Historia zamku nie trwała długo. W 1395 roku doszło do sąsiedzkiego zatargu pomiędzy rodami Nałęczów i Grzymalitów, czego skutkiem było częściowe zniszczenie zamku. Po śmierci Mikołaja Nałęcza warownia przeszła w ręce jego wnuka – Mikołaja z rodu Pomianów z Warzymowa, który już w 1420 roku sprzedał go arcybiskupowi gnieźnieńskiemu Mikołajowi Trąbie. Duchowny umocnił i rozbudował zamek, czyniąc z niego główną siedzibę arcybiskupów na Pałukach. Koniec XV w. przyniósł kres świetności zamku. Po zawarciu pokoju z Krzyżakami stracił on swoje strategiczne znaczenie. Został opuszczony i rozebrany.
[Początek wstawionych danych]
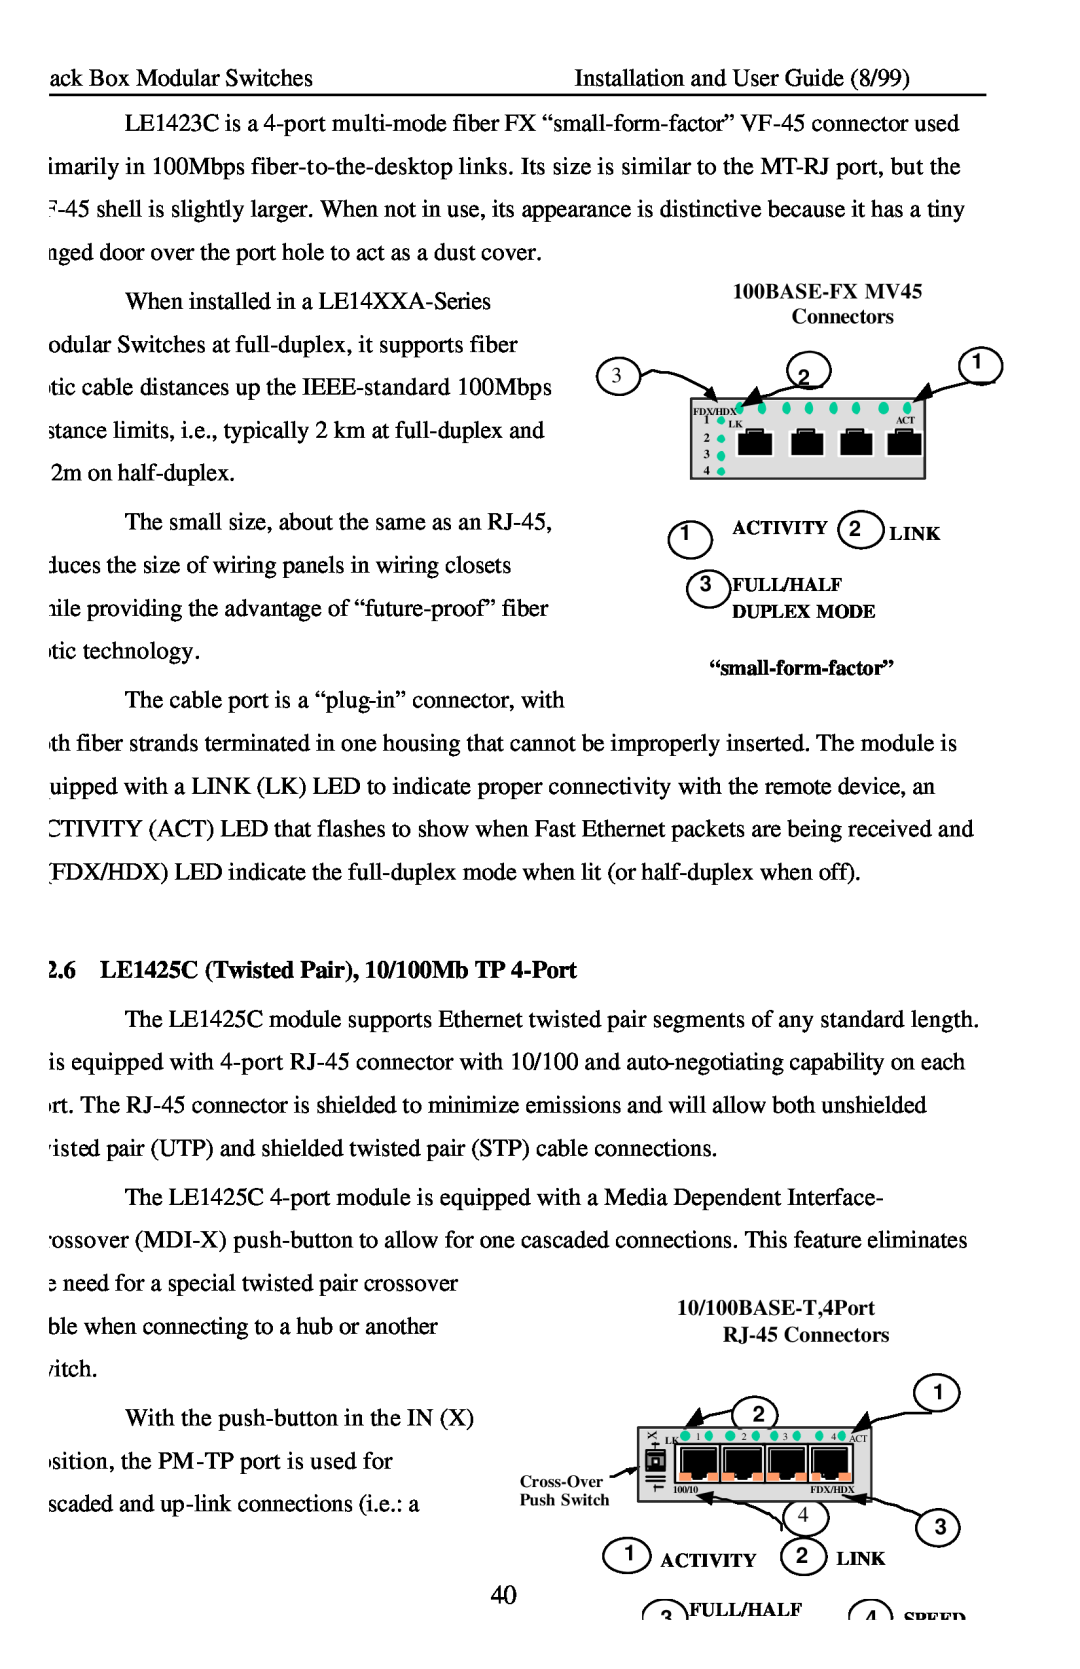 Black Box Modular Switches, LE14XXA manual 2.6LE1425C Twisted Pair, 10/100Mb TP 4-Port

Dziś do Wenecji przyciągają turystów jego tajemnicze ruiny. Nocami wokół zamku słychać ponoć jęki samego Diabła Weneckiego, który strzeże swego bogactwa. Jak głosi legenda pewnego dnia, podczas hucznej imprezy w zamek uderzył piorun, zamieniając go w ruinę i zasypując gruzami właściciela i jego niezliczone skarby. Podobno są tam do dzisiaj… Kto chce – niech szuka!